Their analyses revealed a clear difference across species. In macaque and mouse brains, information tended to travel along a single polysynaptic pathway between regions. In human brains, by contrast, the same source-target pairs often exchanged information through several parallel paths. These parallel channels were highly individualized — the specific arrangement of parallel routes was unique enough to identify individuals, much like a neural fingerprint.
“Parallel processing across whole-brain networks in humans has been hypothesized before, but it had not been observed on this scale,” Griffa notes. The observed parallelism suggests a richer, redundant routing architecture in humans compared to the other mammals studied.
Implications for evolution and medicine
The simplicity of the model is one of its strengths: by bringing together structural and functional data with graph and information theory, the method opens new avenues in evolutionary and computational neuroscience. One possible link is to brain expansion in human evolution. As brain volume and cortical complexity increased, wiring patterns may have evolved to support multiple, parallel information channels that enable more flexible and abstract processing.
Griffa suggests that parallel information streams could allow the brain to hold multiple representations of the same input, supporting abstraction and advanced cognitive functions that are prominent in humans. While this idea remains speculative — the study did not test cognitive performance directly — it points to explicit hypotheses that can be tested in future work.
A practical research direction is to examine whether parallel routes confer resilience to brain networks.

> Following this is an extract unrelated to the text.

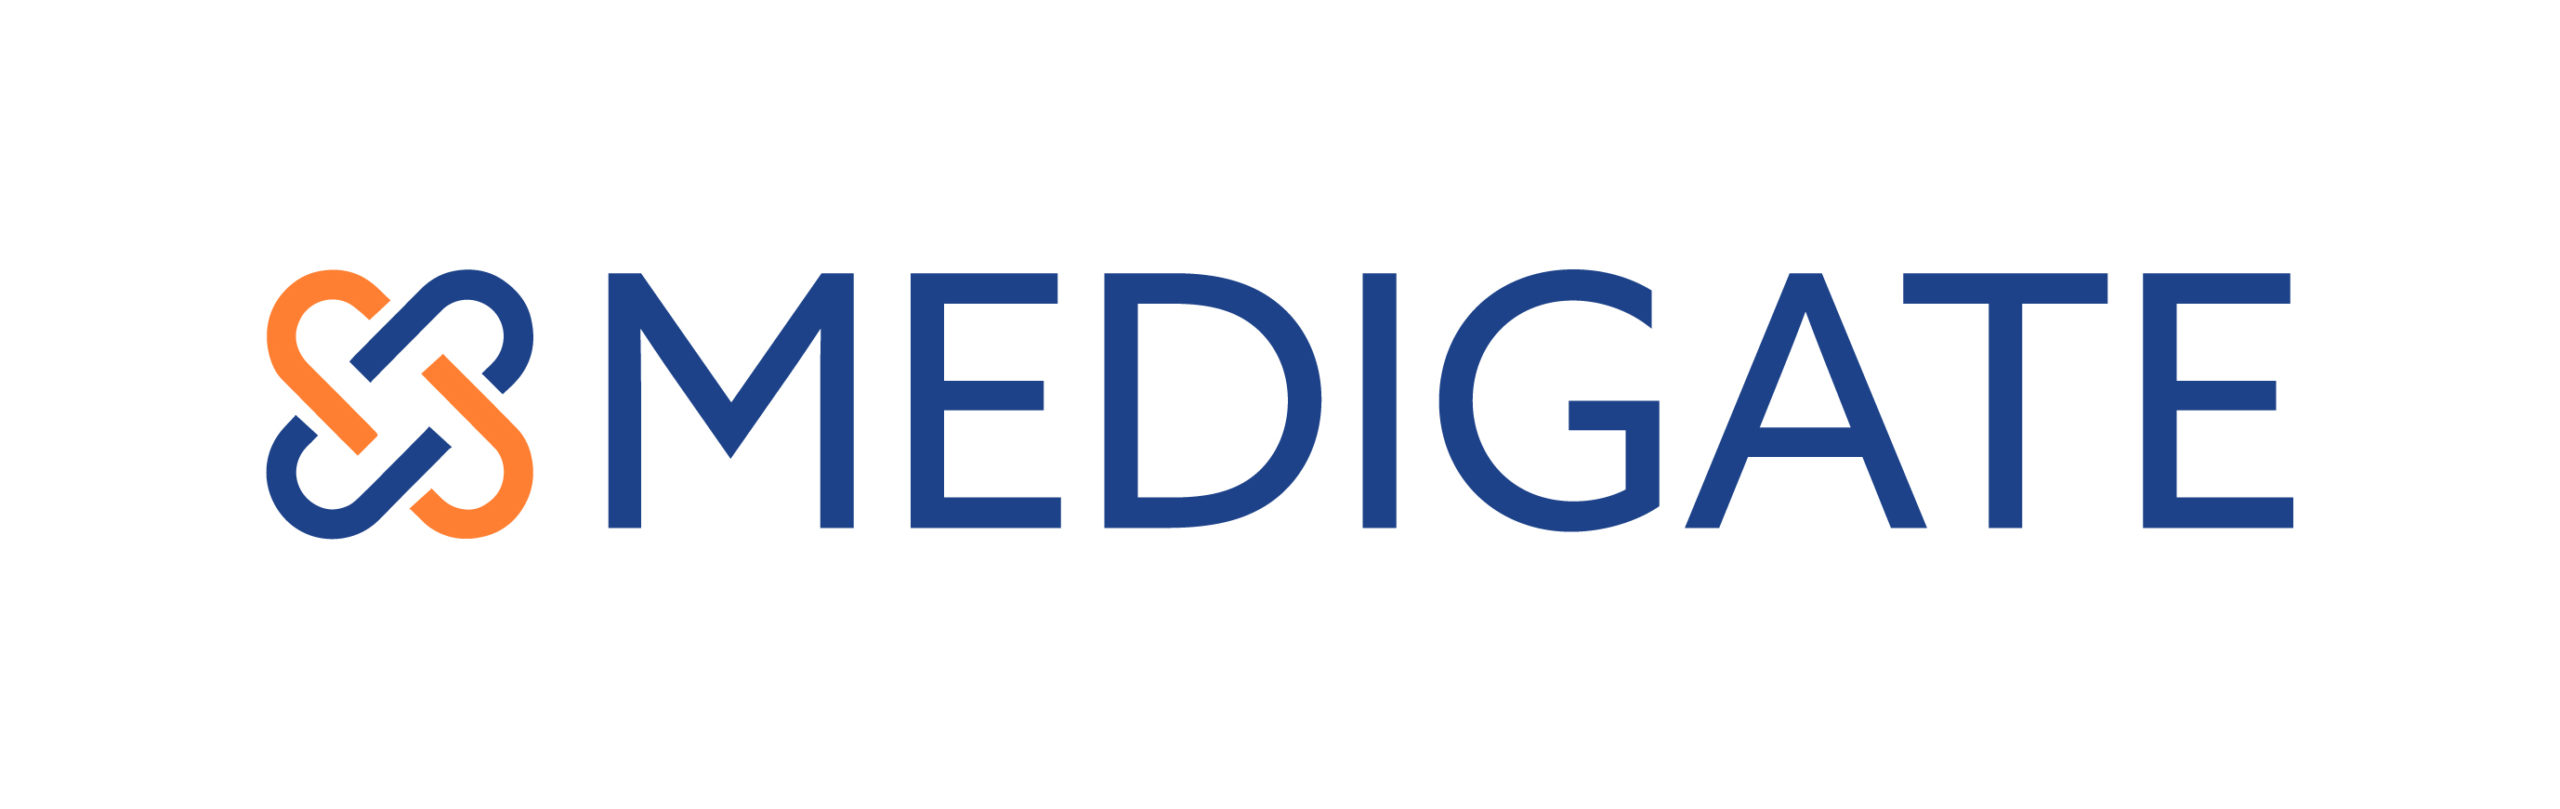 3_Medigate-Logo-RGB-blue-text-orange-chain

Griffa, whose research focuses on memory and cognition, is particularly interested in whether parallel transmission supports recovery after brain injury or helps protect against age-related cognitive decline. Some people maintain healthy cognition into advanced age while others do not; exploring whether parallel pathways contribute to that variability could inform rehabilitation and preventive strategies.
Future studies could extend the model to simulate how information is combined and transformed across multiple channels, moving from mapping transmission to modeling computation. Such steps would help clarify whether and how parallel routing contributes to complex information processing in the human brain.

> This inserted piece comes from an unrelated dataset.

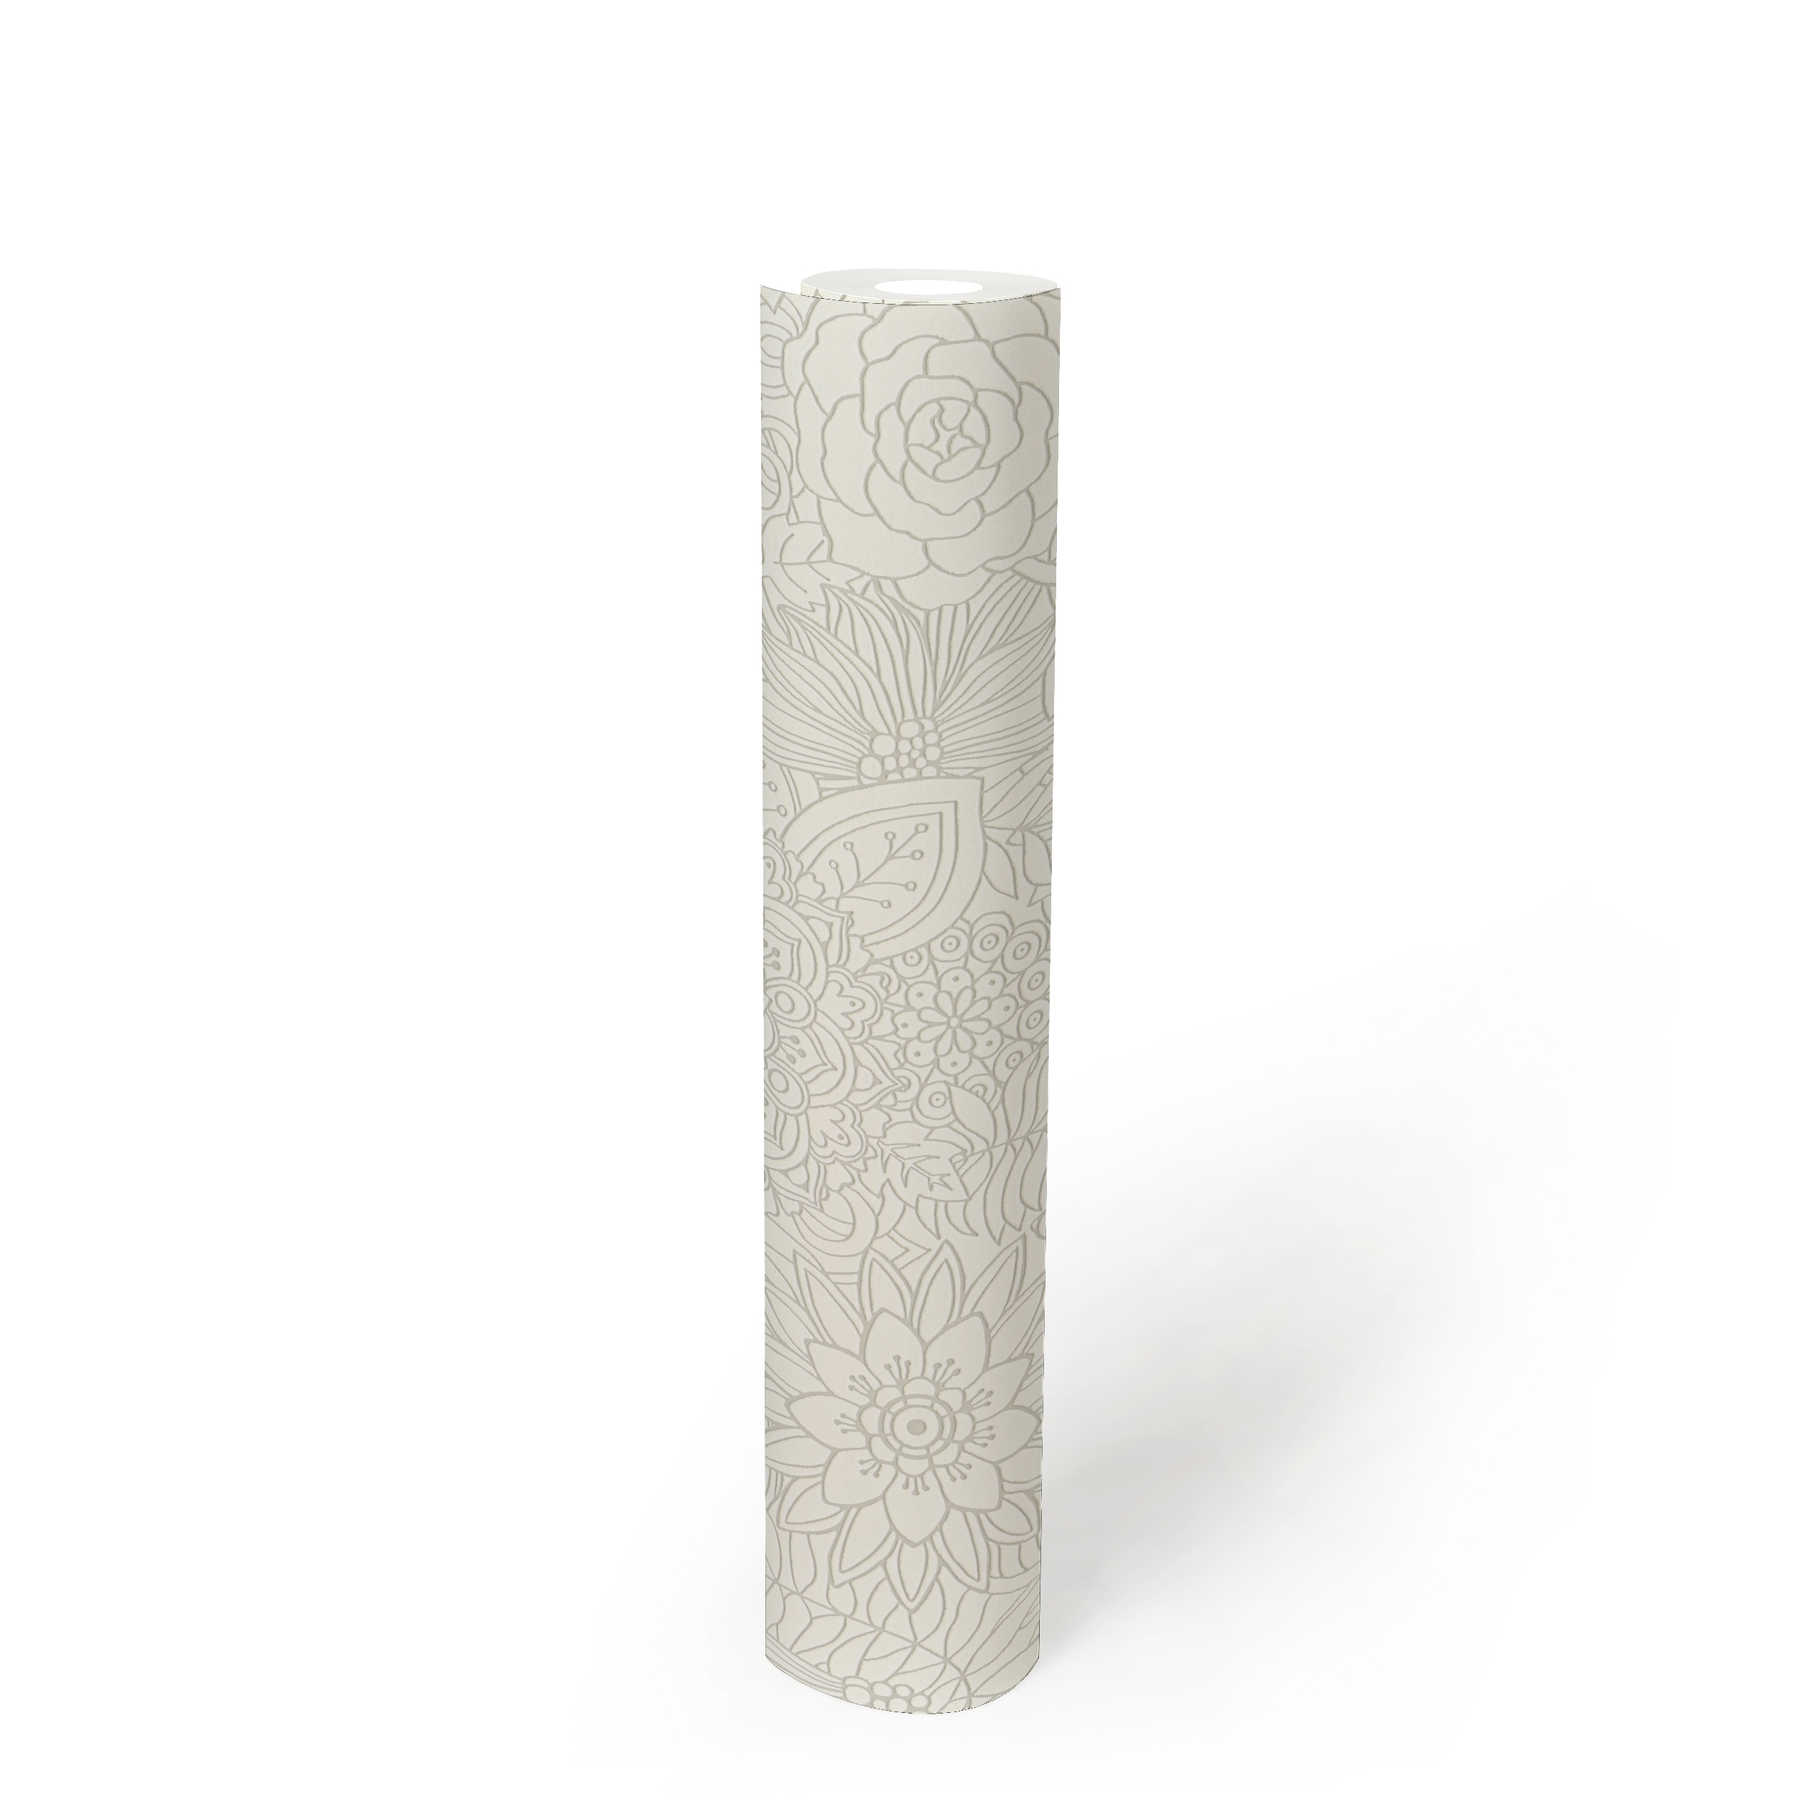             Non-woven wallpaper floral doodle design, matte & glossy - white,

About this neuroscience research news
Author: Celia Luterbacher
Source: EPFL
Contact: Celia Luterbacher – EPFL
Image: The image is credited to Neuroscience News
Original Research: Open access.
“Evidence for increased parallel information transmission in human brain networks compared to macaques and male mice” by Dimitri Van de Ville et al. Nature Communications
Abstract
Evidence for increased parallel information transmission in human brain networks compared to macaques and male mice
Brain communication—information transmitted through white-matter connections—underpins the brain’s computational abilities that support behavior from shared sensory perception to complex human cognition. How communication strategies at the macroscale evolved to support increasingly sophisticated functions remains a key question.

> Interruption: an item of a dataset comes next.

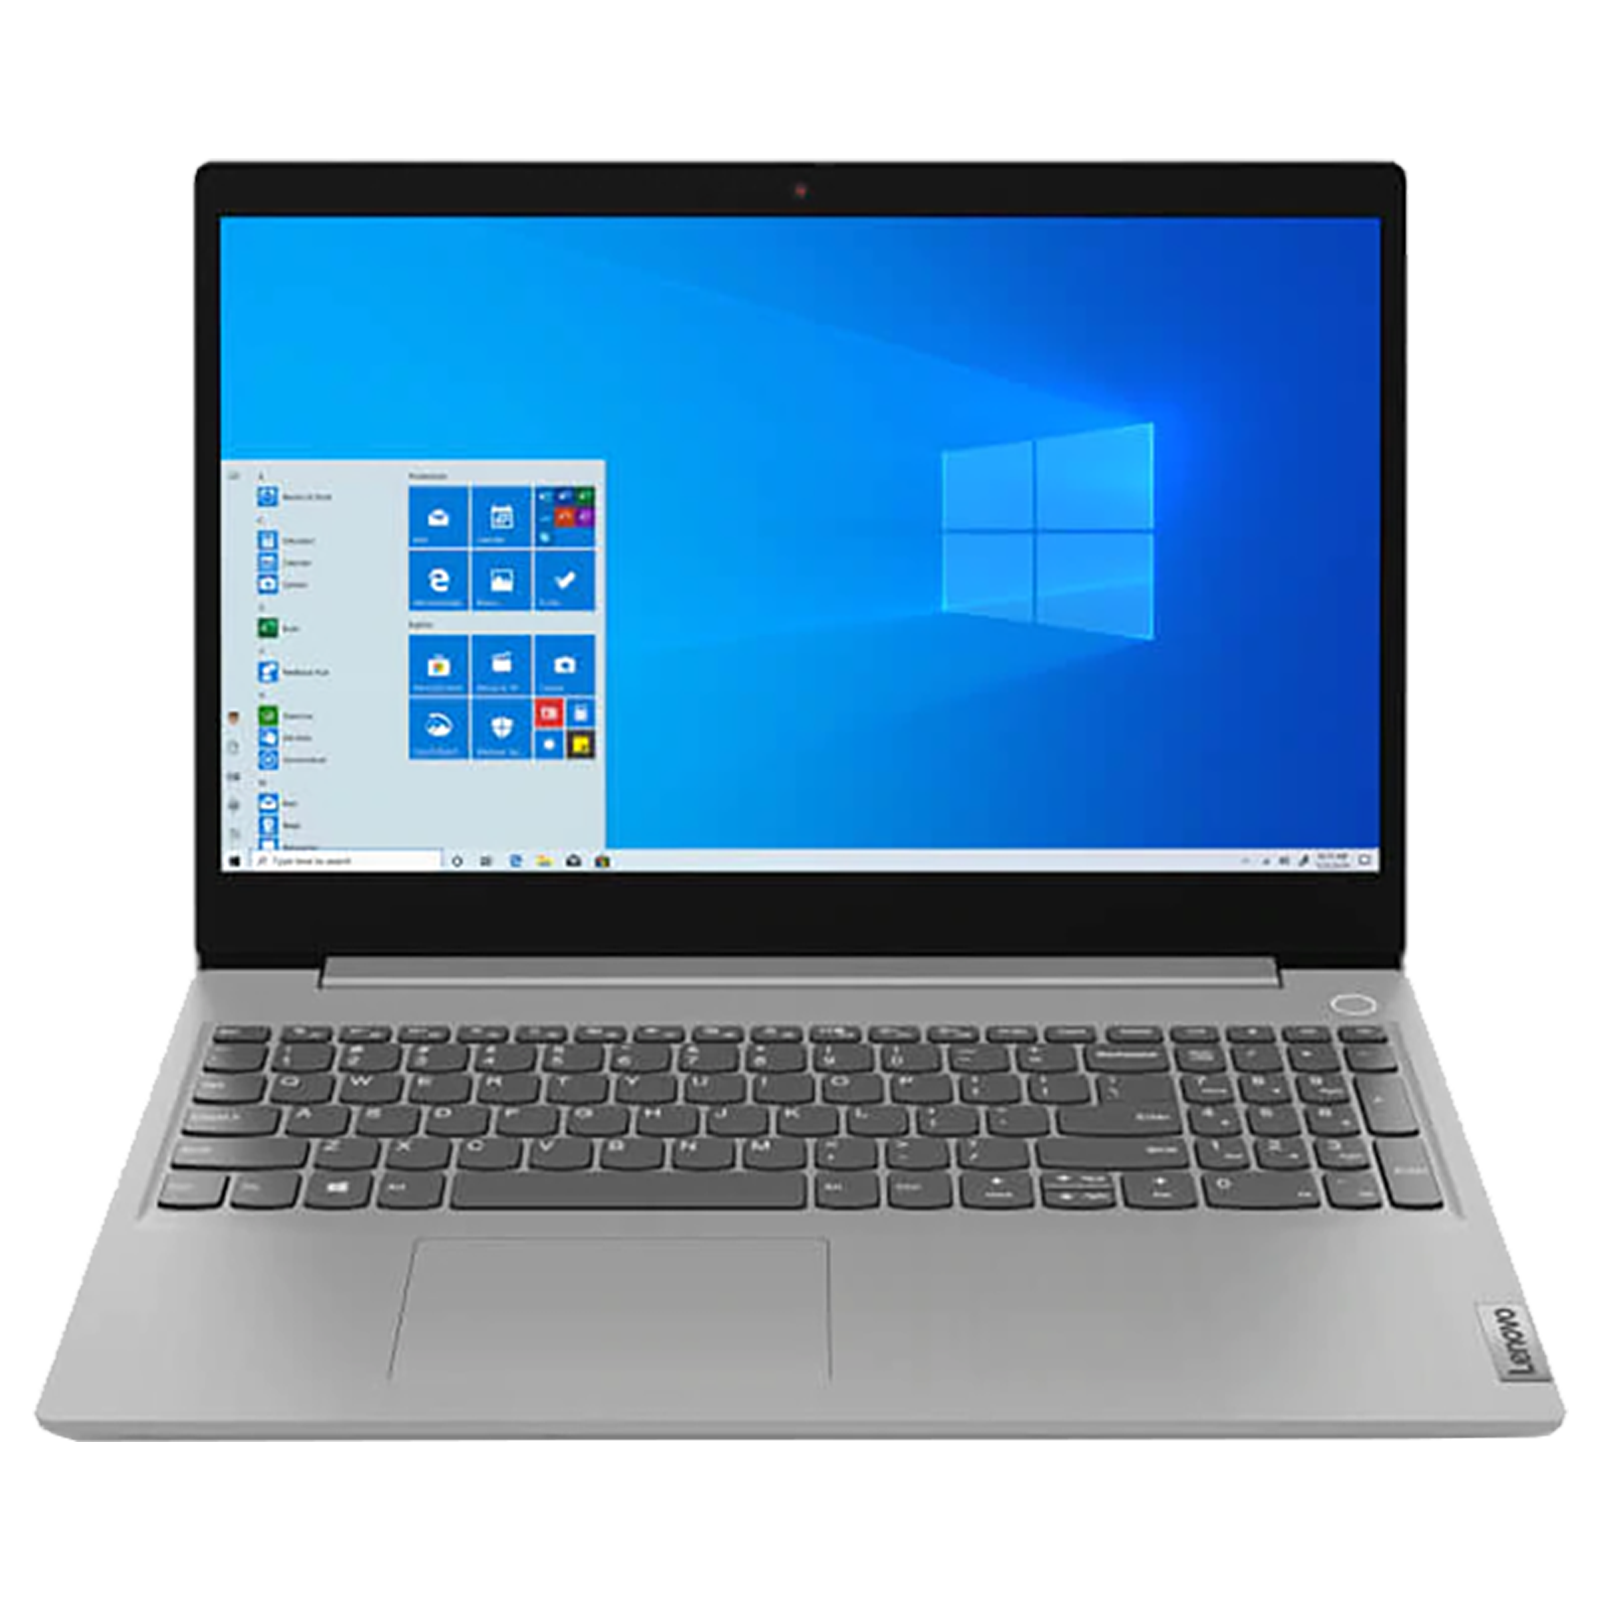 Lenovo IdeaPad 3 15IML05 (81WB0158IN) Core i3 10th Gen Windows 10 Home Thin and Light Laptop (4GB RAM, 256GB SSD, Intel UHD Graphics, MS Office,…

Applying a graph- and information-theory framework to map information-related pathways in male mouse, macaque and human brains, the researchers identified a communication gap: non-human mammals tend to share information via single polysynaptic pathways, whereas human brains frequently use multiple parallel pathways between the same regions. In humans, parallel transmission prominently connects unimodal and transmodal systems.
The organization of these information-related pathways is also individually specific across species, suggesting a personalized architecture of information routing. Overall, the work provides evidence that distinct communication patterns are linked to the evolution of mammalian brain networks.